* [What you have to do] Your answer must be an exact copy of the listing, with the images left out.

* [Collected data]
+++++

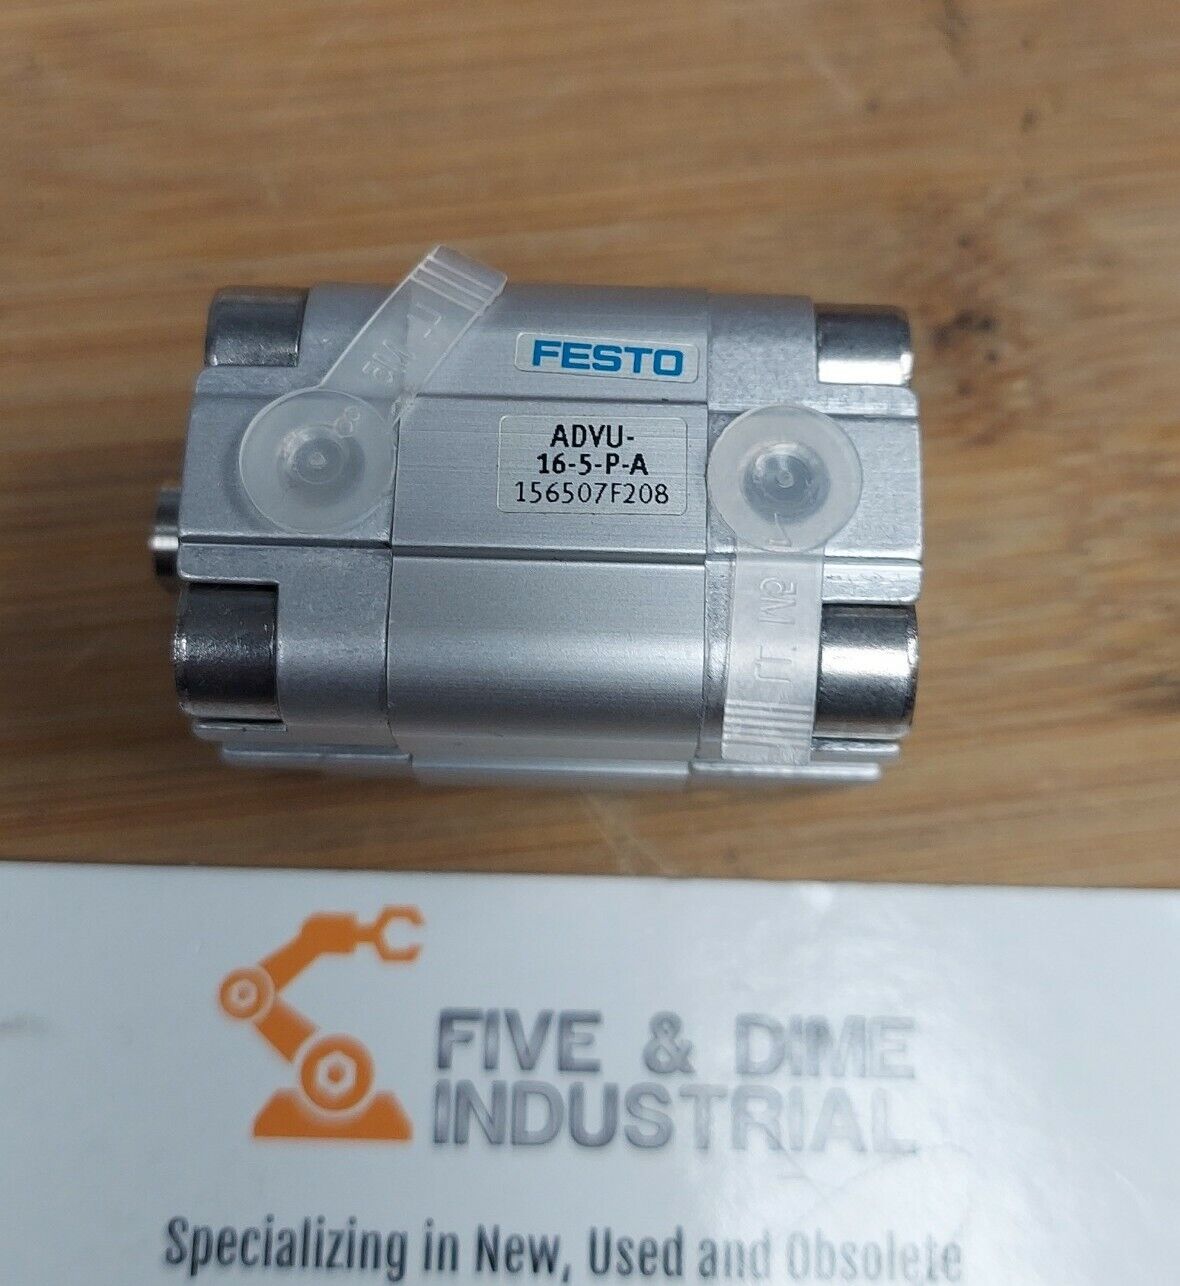 Festo AEVU-16-5-P-A Compact Cylinder Valve Pneumatic 156935 AEVU 16 5 PA  GR129
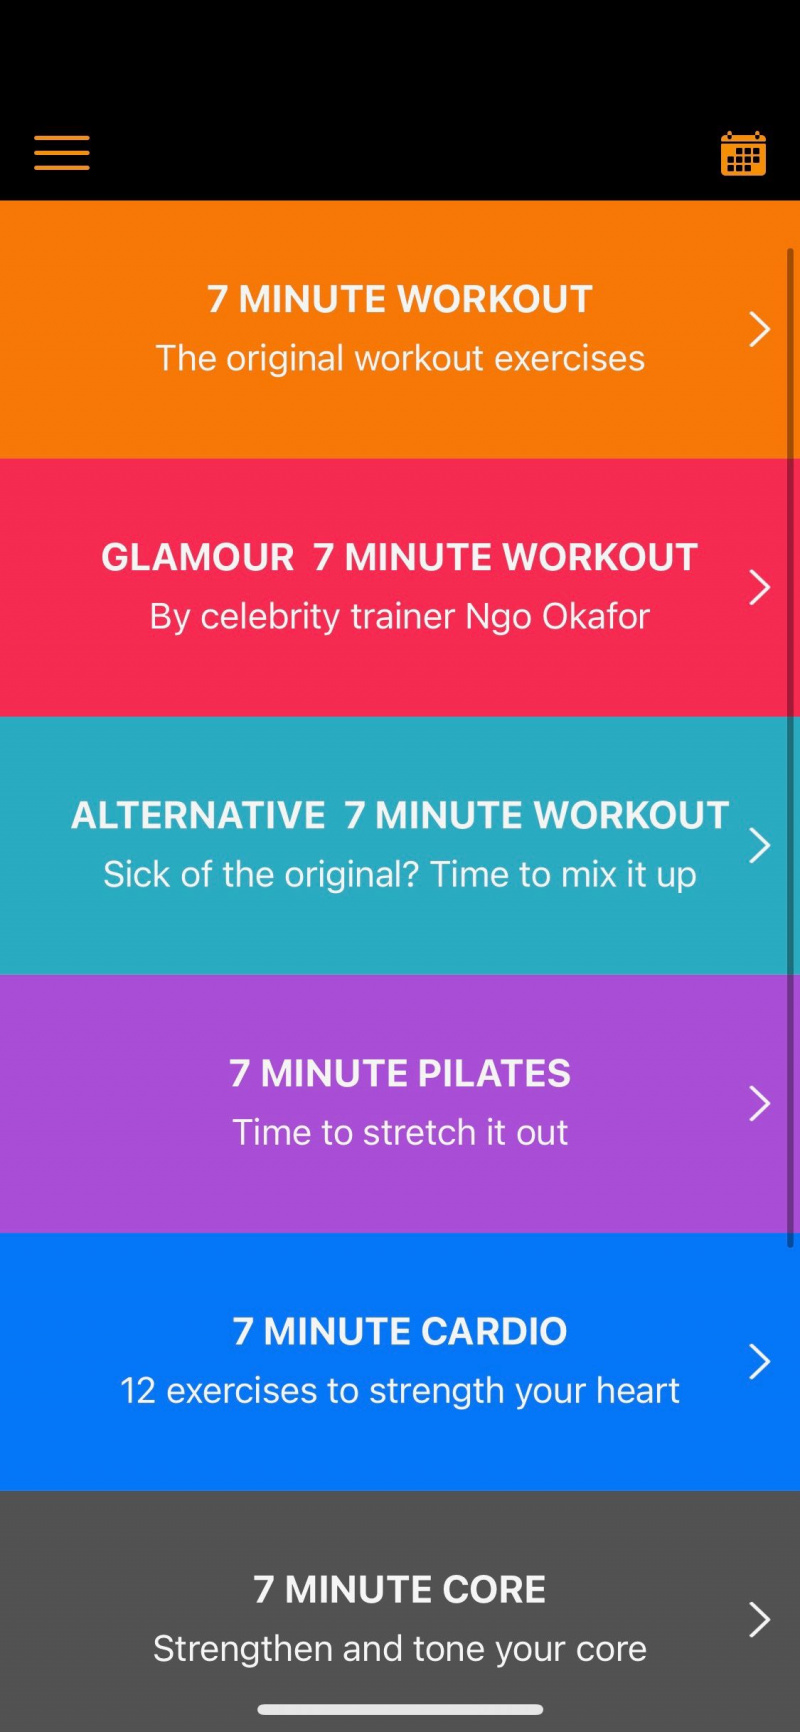   Snímka obrazovky aplikácie 7 Minute Workout zobrazujúca typy tréningov
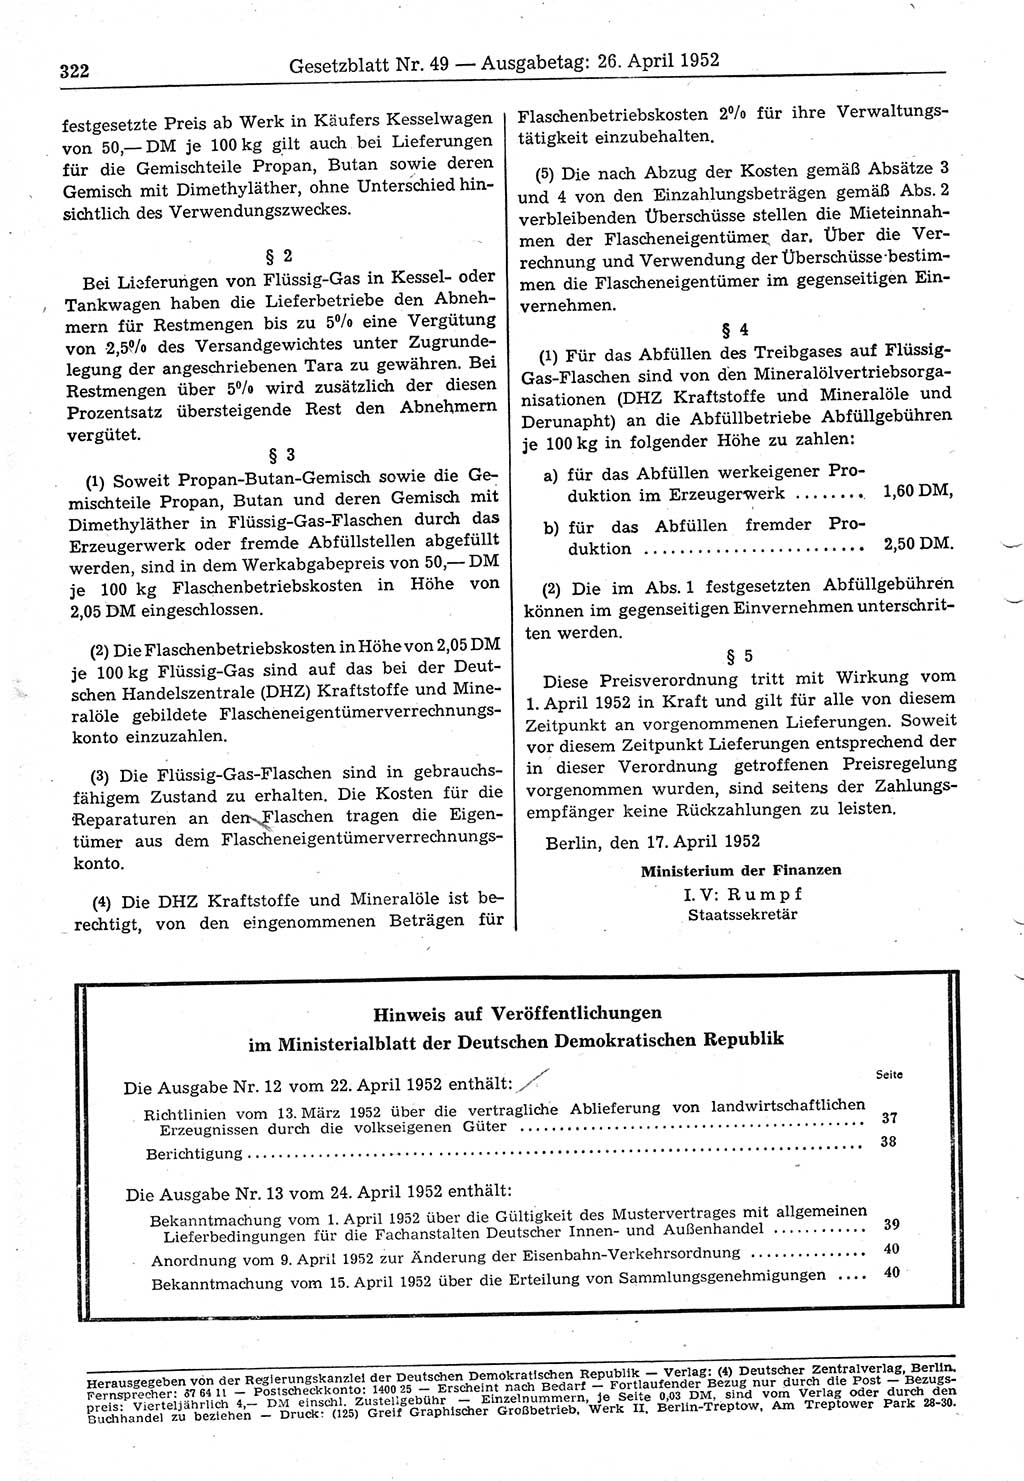 Gesetzblatt (GBl.) der Deutschen Demokratischen Republik (DDR) 1952, Seite 322 (GBl. DDR 1952, S. 322)

+++++

* [Output of the exercise]
 Festo AEVU-16-5-P-A Compact Cylinder Valve Pneumatic 156935 AEVU 16 5 PA  GR129
   Snímka obrazovky aplikácie 7 Minute Workout zobrazujúca typy tréningov
 Gesetzblatt (GBl.) der Deutschen Demokratischen Republik (DDR) 1952, Seite 322 (GBl. DDR 1952, S. 322)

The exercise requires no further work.